Big data tutorial: Everything you need to know
A comprehensive collection of articles, videos and more, hand-picked by our editors
Big data has a range of practical and commercial benefits to businesses but can be fraught with privacy and legal issues. With a projected global growth at a rate of 40% per year, raw digital data is a resource which many companies are turning to in their quest for market advantage.
While gathering information is a very costly exercise, requiring extensive storage facilities and a solid privacy compliance system, this has become the mission of some of the larger profile-based websites with an eye to the commercial value.
Social platforms such as Google and LinkedIn have created a revenue stream from the data collected by supplying businesses, individuals and public institutions with an insight into the behavioural patterns of their target audiences.

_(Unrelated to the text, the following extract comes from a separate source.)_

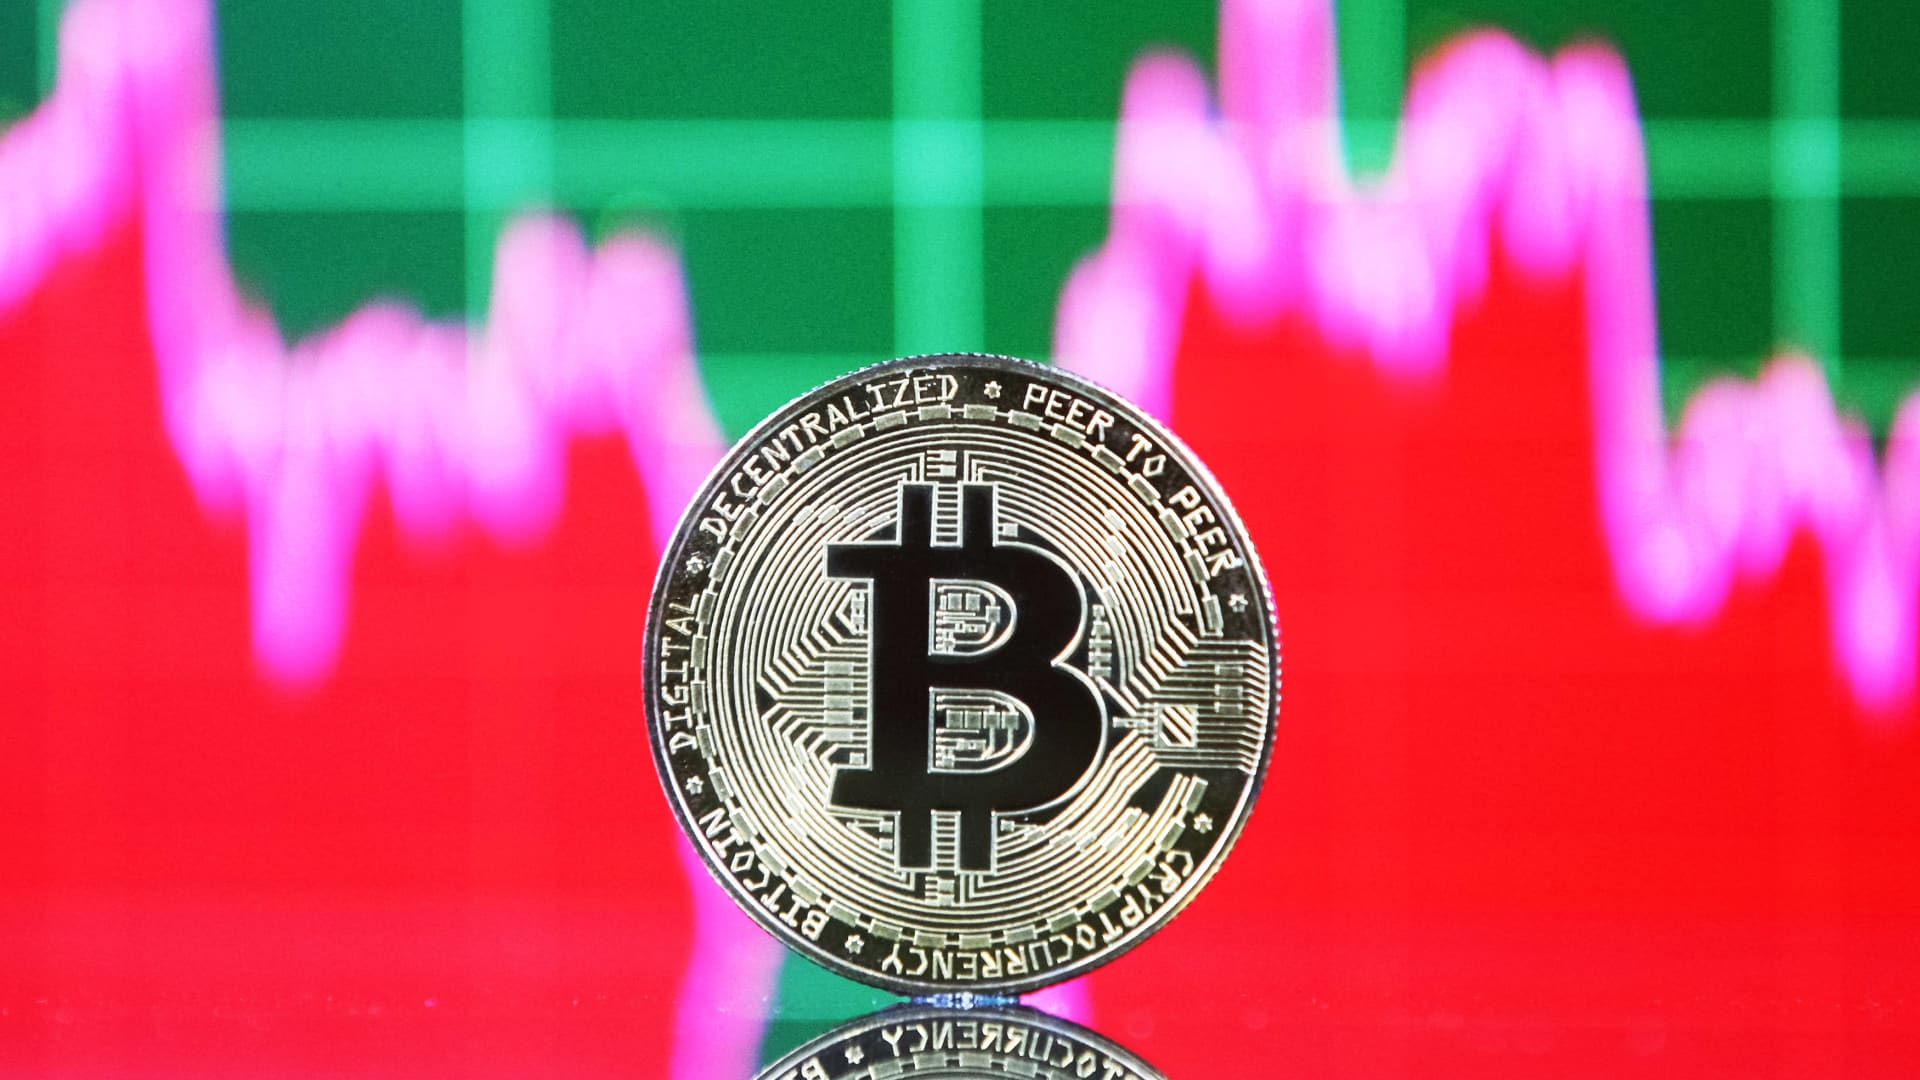 Bitcoin falls to lowest level since March as thin liquidity, regulatory pressure hits crypto markets

Key issues around data protection and privacy can be addressed by making sure that data is anonymous, which will avoid having to tackle problems around the data subject’s consent. Guidelines from the Information Commissioner’s Office (ICO) include a Code of Practice on Anonymisation, which is aimed at helping companies managing risk.

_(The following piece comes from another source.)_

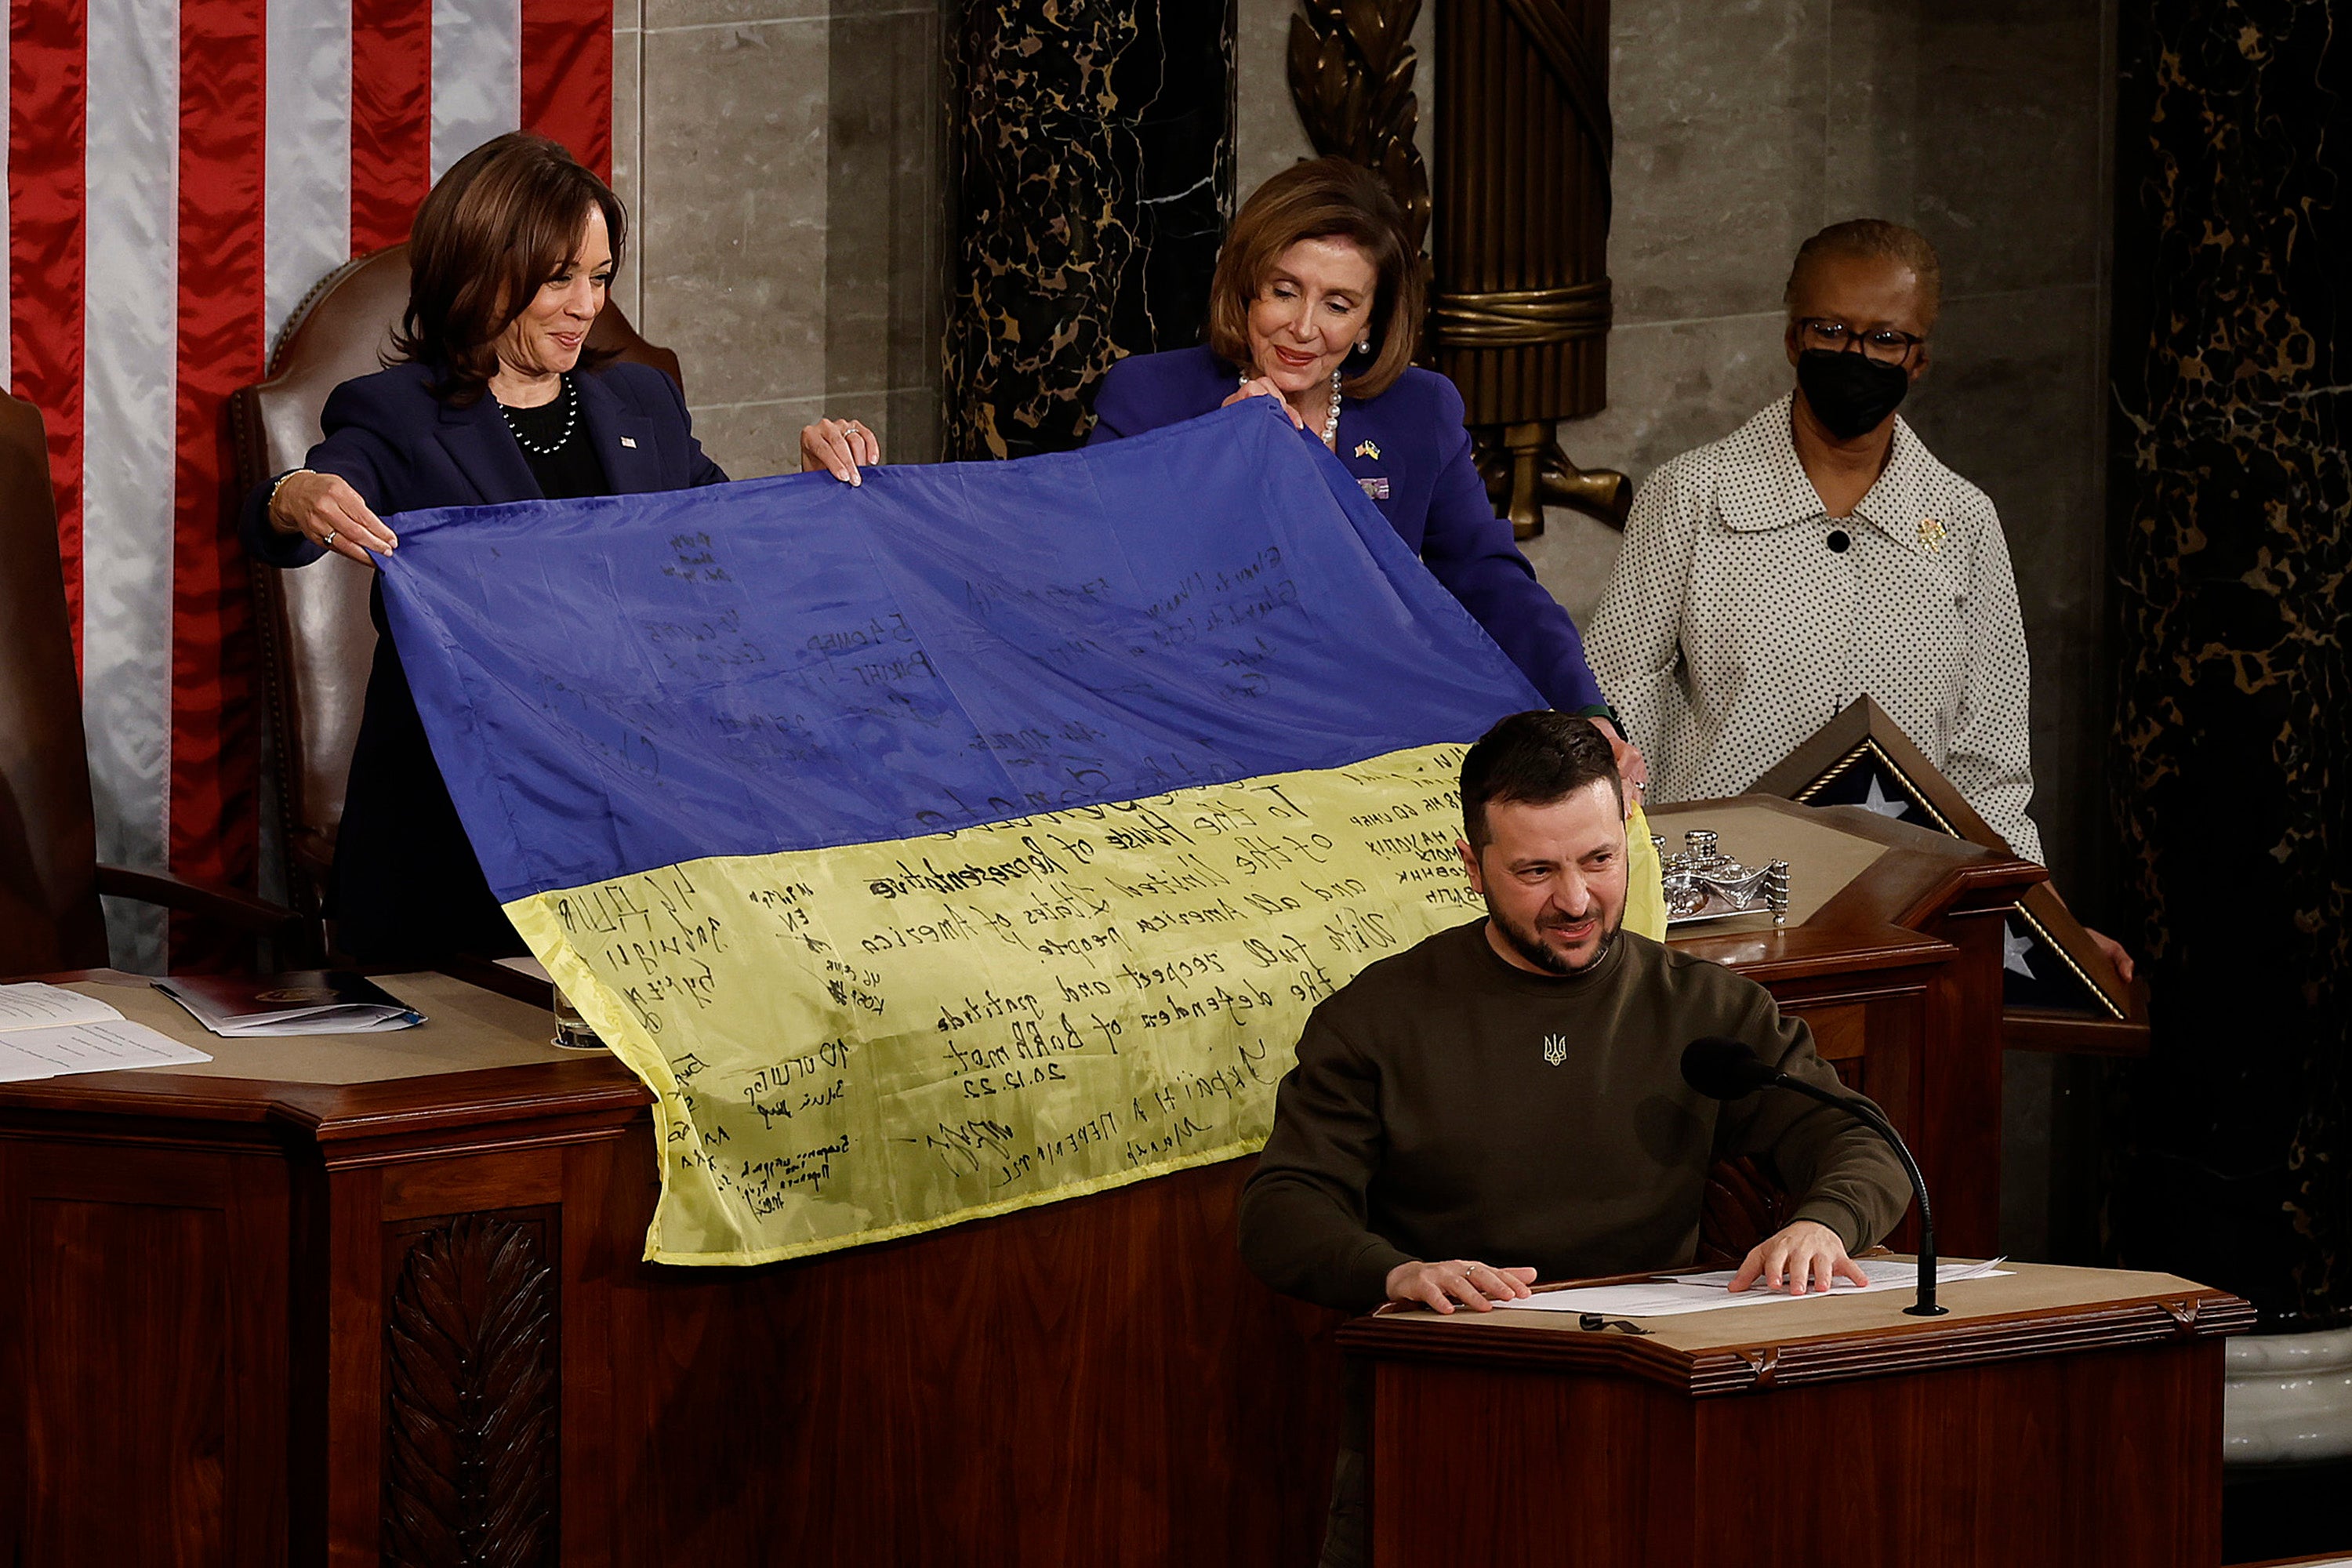 Nancy Pelosi and vice president Kamala Harris hold a Ukrainian flag signed by members of its military, given to them by Volodymyr Zelensky

Checking the source of big data
The source of the data set needs to be investigated. Is the data free to use? Unless specifically released as open data, most data sets will be subject to some controls in relation to their use. A business should identify any licence terms on which data is supplied and use this to engineer protection in the form of warranties in the agreement with the data owner.

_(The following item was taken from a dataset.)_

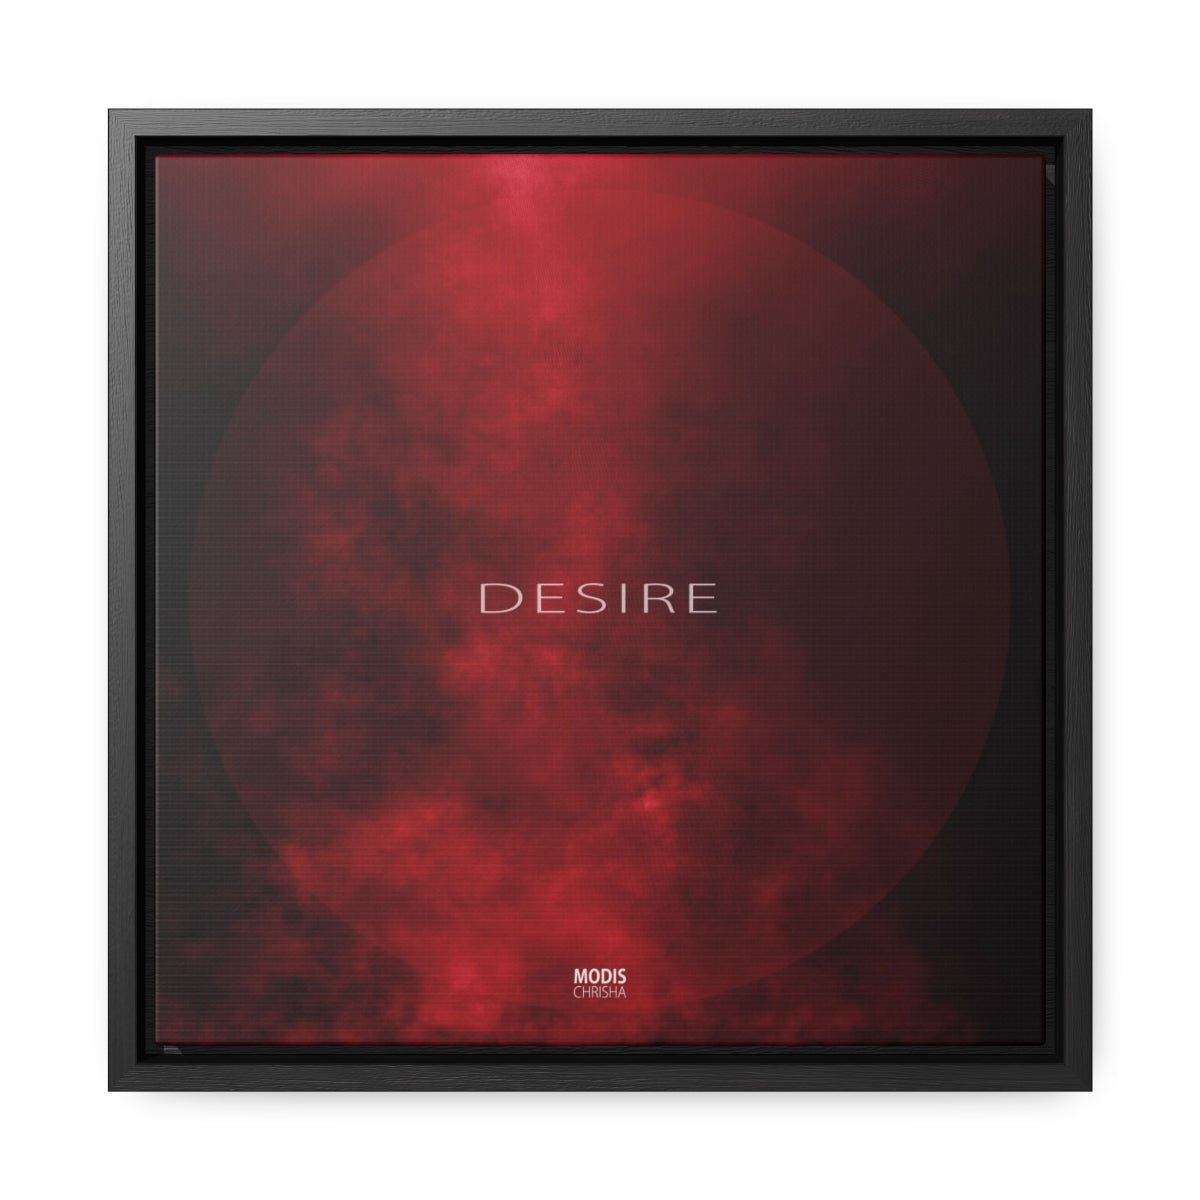 Desire - Square Framed Gallery Wrap Canvas, 12" x 12"

If the data collected is going to be used in a commercial service delivered to users by the business, then those customers will expect to receive assurances as well.
If a business using big data is not clear on the extent to which it can re-use this, then it will not be able to give its users the comfort they will seek. It is better to address these issues as far up the “data chain” as possible.
The issues are not new, but the scale of big data means businesses will need to be multi-tasking as they consider the consequences of using data from multiple sources. In practice, the user will need to reply on the assurances or warranties it can obtain in the agreement with data set owners.
How can a business become big data compliant?
Since the legal framework which regulates the big data business model is based on existing principles of intellectual property, confidentiality, contract and data protection law there are a number of solutions which can be used equally well with big data as they might with any other licence arrangements, since that is generally what the big data business model boils down to.
Read more about big data
Use of big data which has not been anonymised is clearly an area of risk. However, even where anonymised data is supplied a business would be wise to request a warranty from the supplier in which it is giving assurances that the data is fully compliant with Data Protection Act (DPA) requirements.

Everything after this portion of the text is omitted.